La suite a écouté sur VLAN !

Description de l’épisode

Christophe dirige a l’agence spatiale Européenne l’un des projets les plus passionnants qui soit: MELISSA. En plus d’être ingénieur, il est également docteur en philosophie ce qui lui procure une profondeur particulière que vous entendrez sans doute dans cet épisode.
Melissa ( en anglais “Micro-Ecological Life Support System Alternative”) est un projet qui a plus de 30 ans et comme le décrit parfaitement Wikipedia, c’est un projet ayant pour objectif de développer un système de support de vie régénératif permettant de reproduire les fonctions principales de l’écosystème terrestre (production en eau, oxygène), dans une masse et un volume réduits et avec une sécurité extrême. Les missions vers la planète Mars (et toutes les étapes entre la Terre et Mars) sont visées. On parle d’écologie fonctionnelle car il s’agit d’un mini écosystème en autonomie.
On y pense pas assez mais partir pour un si long voyage nécessite de comprendre comment gérer les déchets, comment se nourrir en autonomie, comment gérer les maladies, s’alimenter en oxygène…et bien sur on ne pas tout prendre avec soi car autrement, la navette ne décollerait pas (cela représente 5kg par jour et par astronaute sans compte l’oxygène…).
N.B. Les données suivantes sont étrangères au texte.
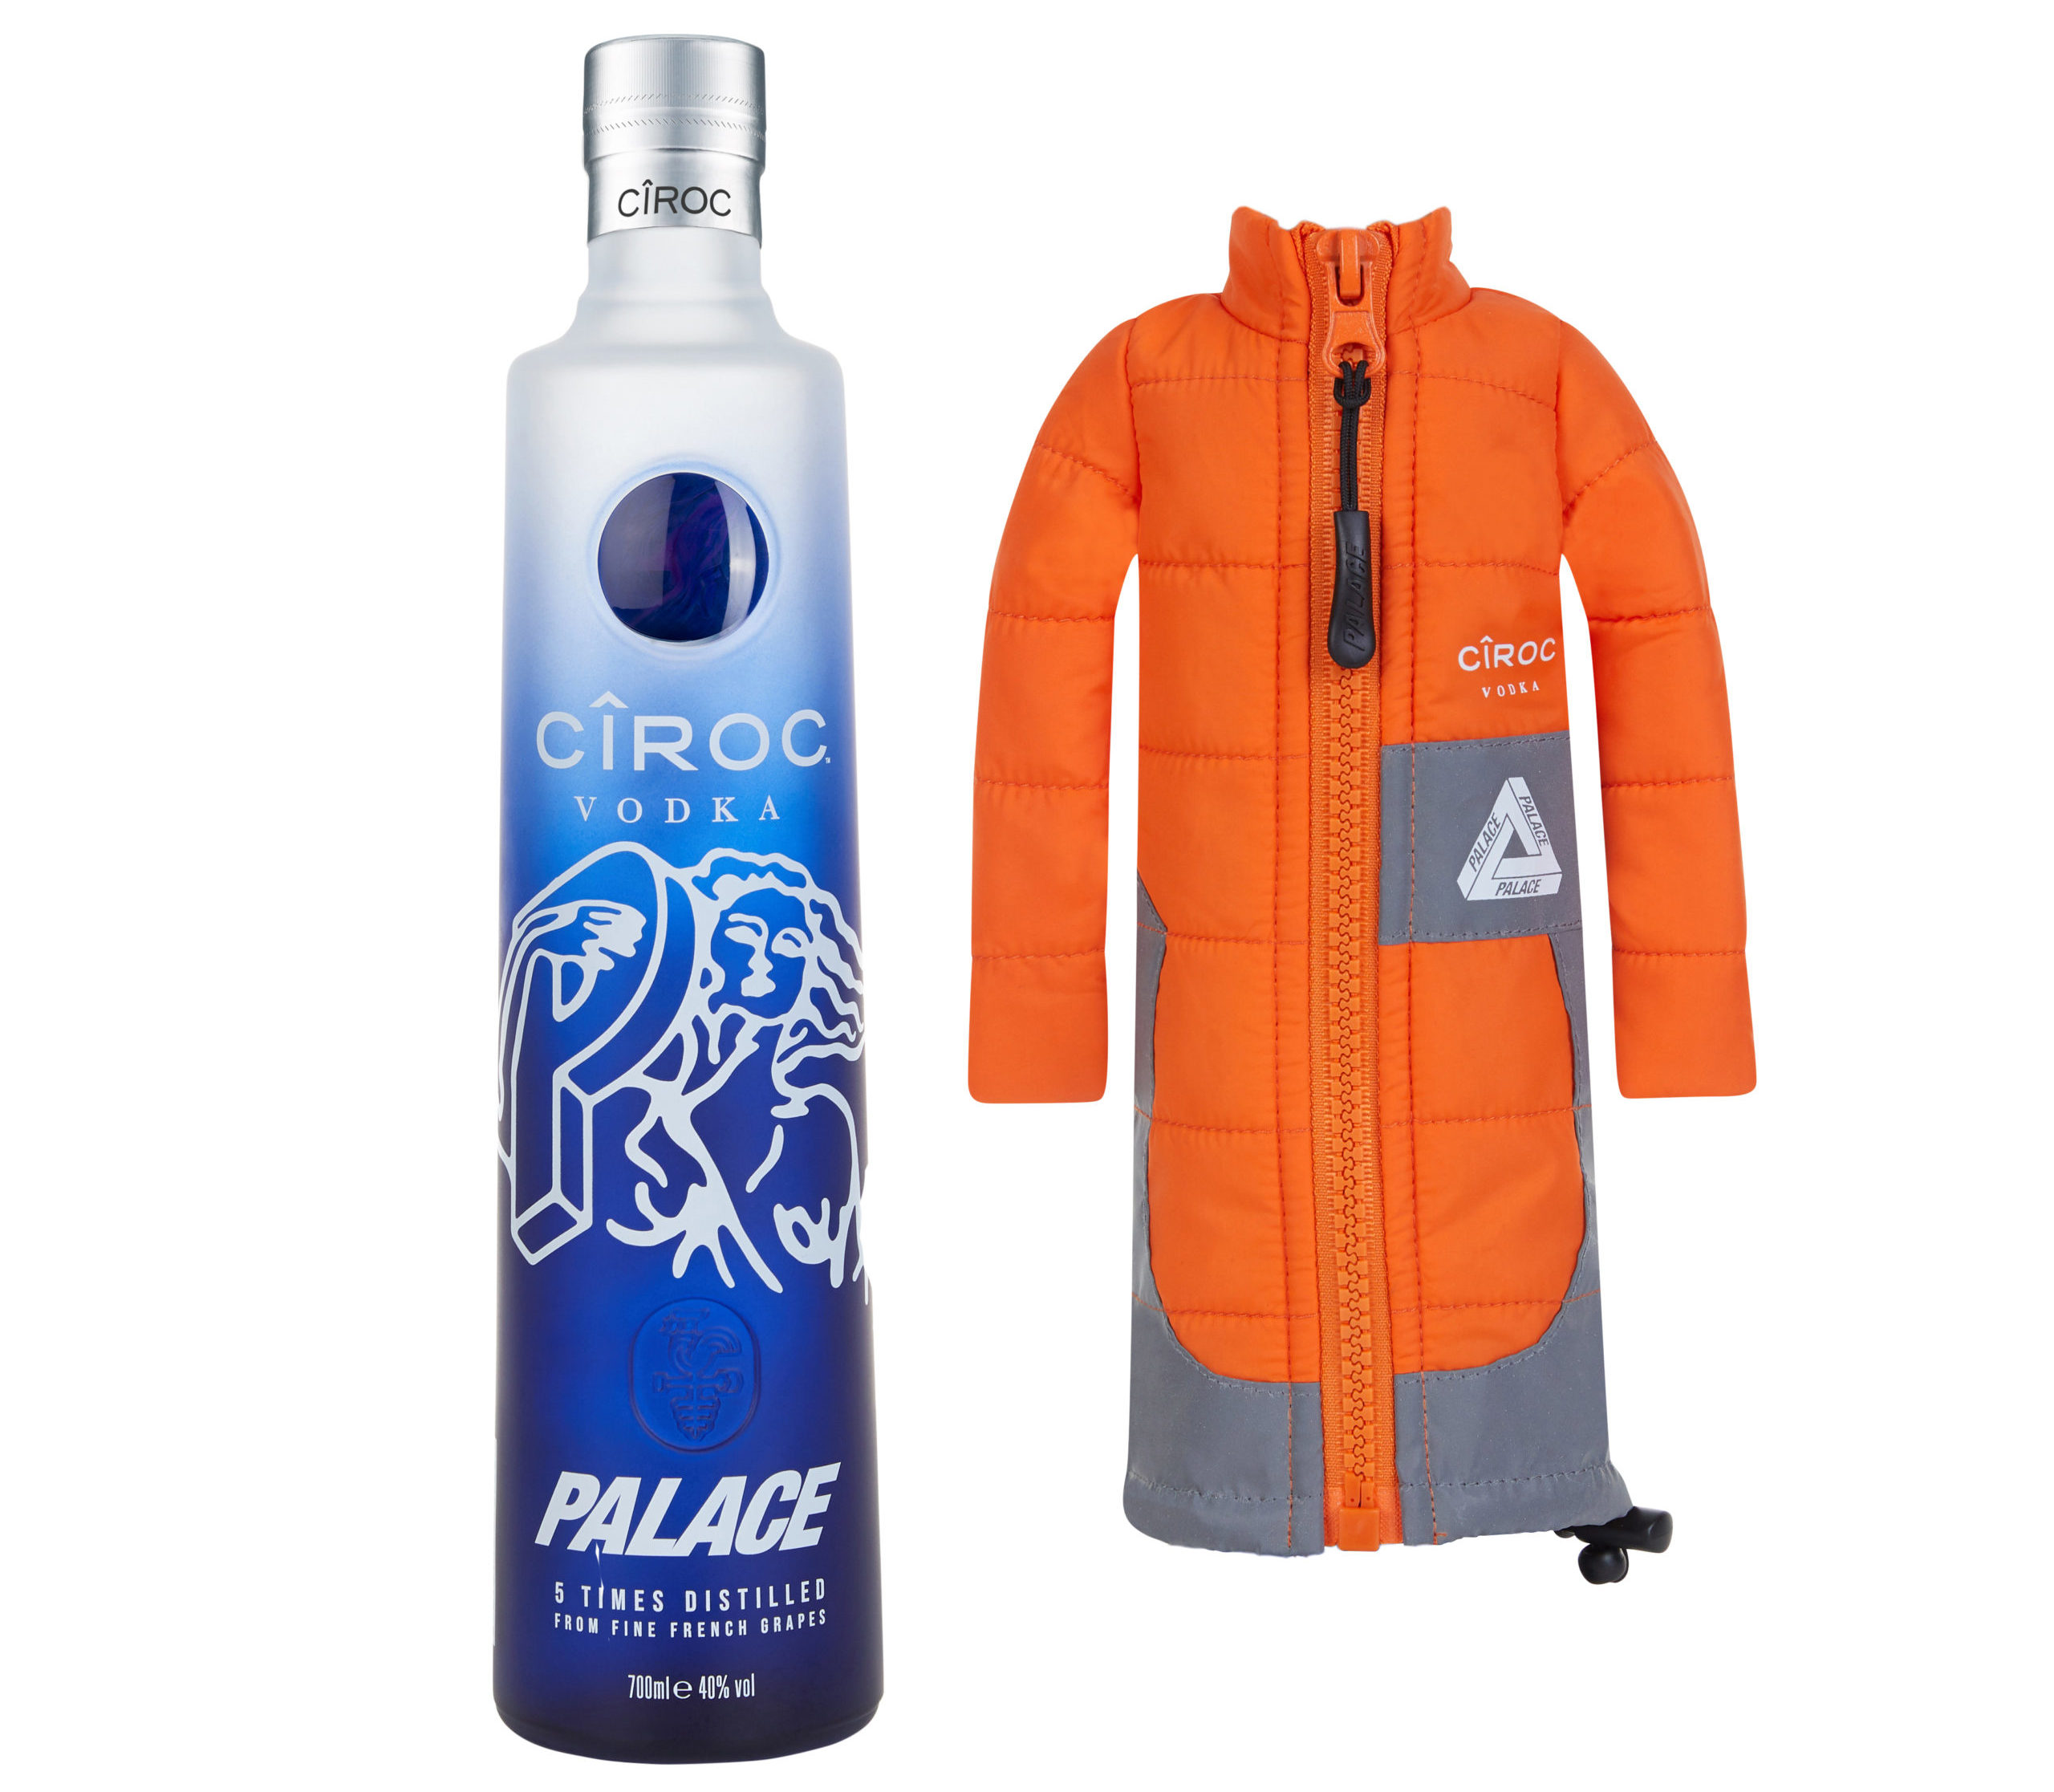 PALACE, CIROC, collab, limited edition, lappoms, lifestyle blog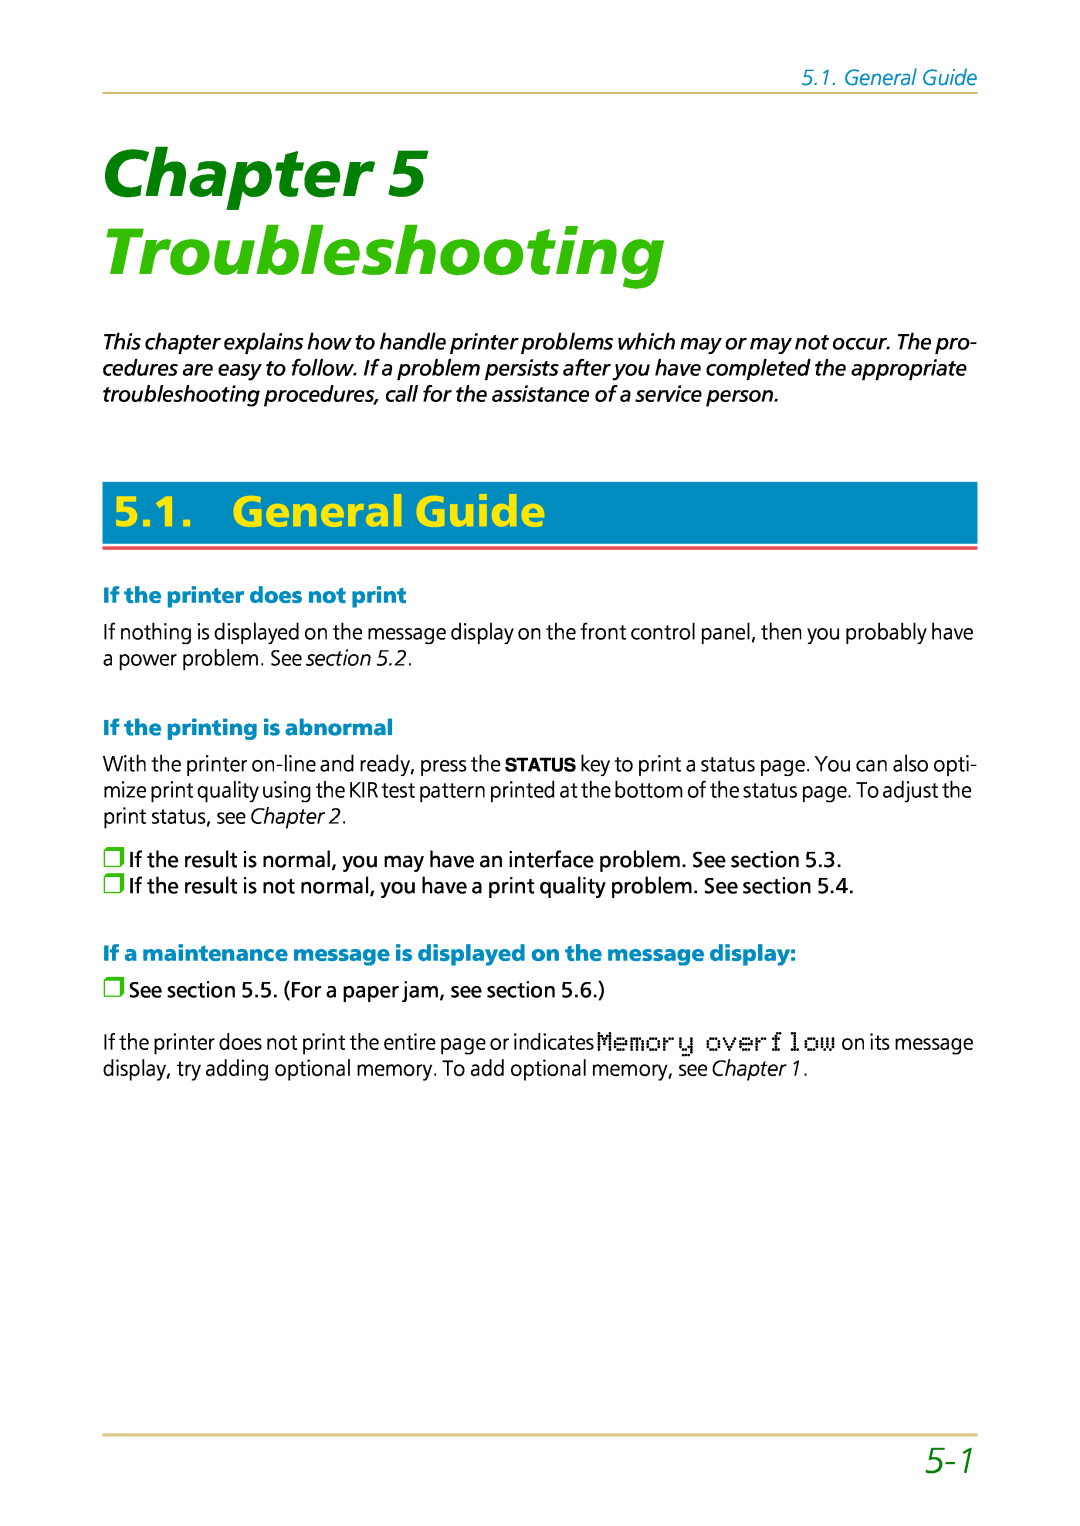 Kyocera FS-1700 Troubleshooting, General Guide, Chapter, If the printer does not print, If the printing is abnormal

On se parle à date de 30 tonnes à prendre avec soi pour un voyage vers Mars…autrement dire, impossible.
Mais alors quel lien avec l’écologie et la vie sur terre?
Comme Christophe l’explique très bien, ils se sont rapidement compte que les recherches qu’ils faisaient avait des applications directes pour améliorer la circularité, améliorer, les processus écologiques. C’est d’ailleurs, décrit comme le projet d’économie circulaire le plus aboutit et des tonnes de recherches de Melissa sont utilisées actuellement sur terre comme la méthode d’industrialisation du test PCR, mais aussi une méthode révolutionnaire pour l’azote (utiliser dans les fertilisants), la gestion des excréments etc…
Thomas Pesquet est évidemment le meilleur ambassadeur pour ce programme avec lequel il travaille évidemment.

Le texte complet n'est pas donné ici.